For the Delphi folks on the x86 architecture, it is generally assumed that most memory operations are sequentially consistent without the need for specific memory fences (this is in user-mode where Delphi apps typically live).  However for some other architectures like PowerPC, Itanium and others, explicit memory barriers need to be inserted.  The notion of atomics, codifies this distinction whereby any "normal" variable does not have necessarily acquire/release semantics.  However an atomic variable does have this behavior.  It turns out that the C++ volatile modifier is wholly inadequate for describing the notion of acquire/release.

Another funny item that became a sticking point was whether or not bool (aka.

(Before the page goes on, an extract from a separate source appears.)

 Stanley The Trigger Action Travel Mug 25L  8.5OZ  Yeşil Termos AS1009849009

Boolean in Delphi parlance) is bitwise comparable.  Since a bool has one and only one value for "false" (zero[0] typically), yet many bitwise values for "true" (non-zero[0]), you cannot guarantee an atomic "compare and swap" for a bool type.  It is intriguing that such a seemingly simple, fundamental type can present such a problem.

We're now talking about this proposal for a multi-threading library: http://www.open-std.org/jtc1/sc22/wg21/docs/papers/2007/n2320.html.  Being presented by one of the authors, Howard.   Although the version being presented has had the thread cancellation section removed and explicitly made undefined.  This is because of the notion that cancellation is done via an exception signal... which could be caught and effectively cancel the cancel request...This ended up being rife with other issues (besides the fact that a thread can deny a cancellation request, nay, demand), like intermixing non-C++ frames or even intervening OS frames. 

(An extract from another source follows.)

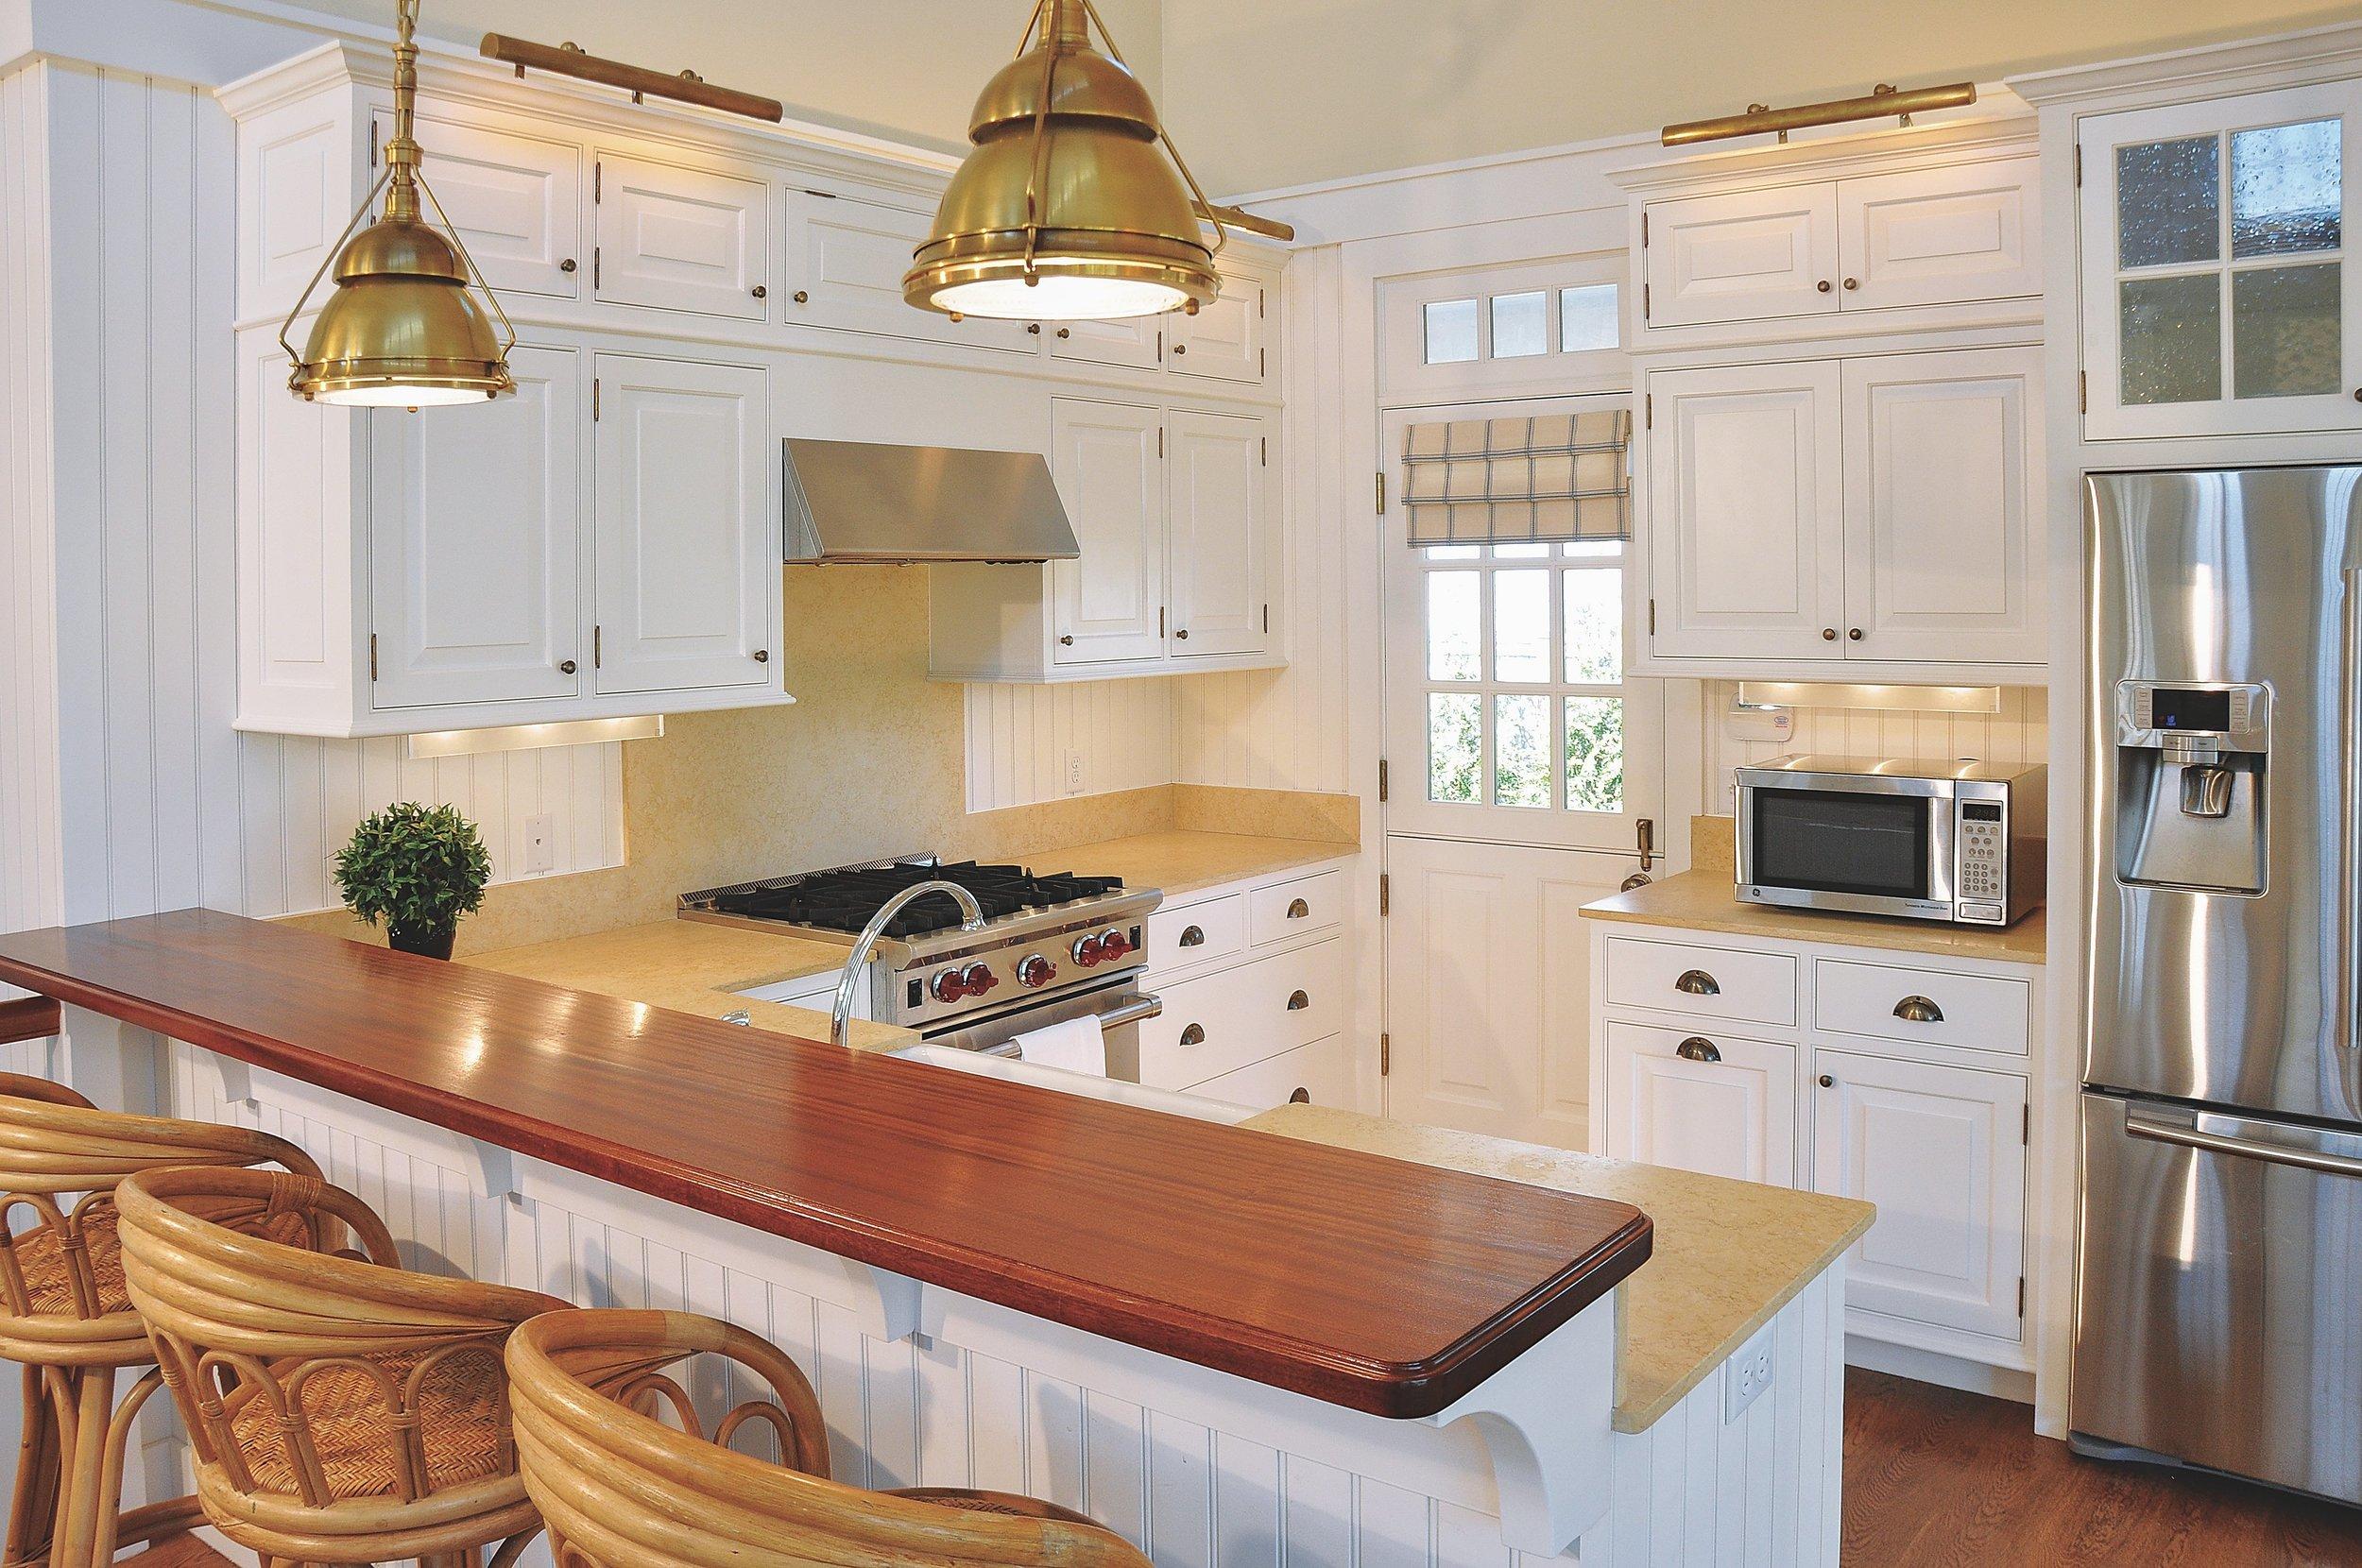 Modern_Farmhouse_Kitchen_Brass_Pendant_Industrial_Chandelier.jpg

Discussion of condition variables, which Windows doesn't have any intrinsic primitive (not until Windows Vista), has been somewhat interesting (and another sticky point).  Pete Becker (former Borland C++ RTL guru)  has raised the issue that the current proposal seems to be designed with a bias to POSIX (through BOOST) and unnecessarily complicates the implementation of condition variables for systems that don't have a native conditional-variable-like thingy.  In looking at potential implementations for a condition variable on Windows in the absence of native condition variables, it becomes abundantly clear that this isn't an easy problem to solve.  Geez.. the machinations that these various algorithms go through is astounding.  However, a condition variable construct makes implementing things like thread-safe message queues and stacks where the producer want to know "not full" state and the consumer is interested in the "not empty" state.

 

Afternoon session:

OK, we just spent over an hour wrestling with the notion of whether or not a reference is also a memory location (as defined by this document: http://www.open-std.org/jtc1/sc22/wg21/docs/papers/2007/n2334.htm).  Even though you cannot take the address of a C++ reference, it may in fact occupy a memory location.  So given that, should it share the same semantics as a regular memory location?  It all sounded so metaphysical for such an analytical group.  I understand the arguments on both sides, however the one argument I could not disagree with is that unless you call it out, some "clever" compiler writer may decide to do something "special" with references regardless of whether or not they live as a memory location or not (references can be collapsed by optimization).  Finally past that... now we're trying to define what a "thread" is...  Pretty soon my head is going to explode :-).  blah blah blah...

 

I think that is it for day two... we'll see if I have the gumption to say anything about day 3 :-)

Monday, October 1, 2007

ANSI/ISO C++ meeting Day 1

Two words.  Boring.  Tedious.  This is simply where previous meeting minutes are approved by the voting members, the setting of the agenda for the week and discussions of specific mechanical meetings issues.  This includes when we're going to get WiFi in the meeting rooms.  I don't particularly care since I'm using my cell phone as a data channel :-).  If I can stay awake, I'll try to report some more...  Once we get into the breakouts where the actual concepts are being discussed, I'm sure things will perk up.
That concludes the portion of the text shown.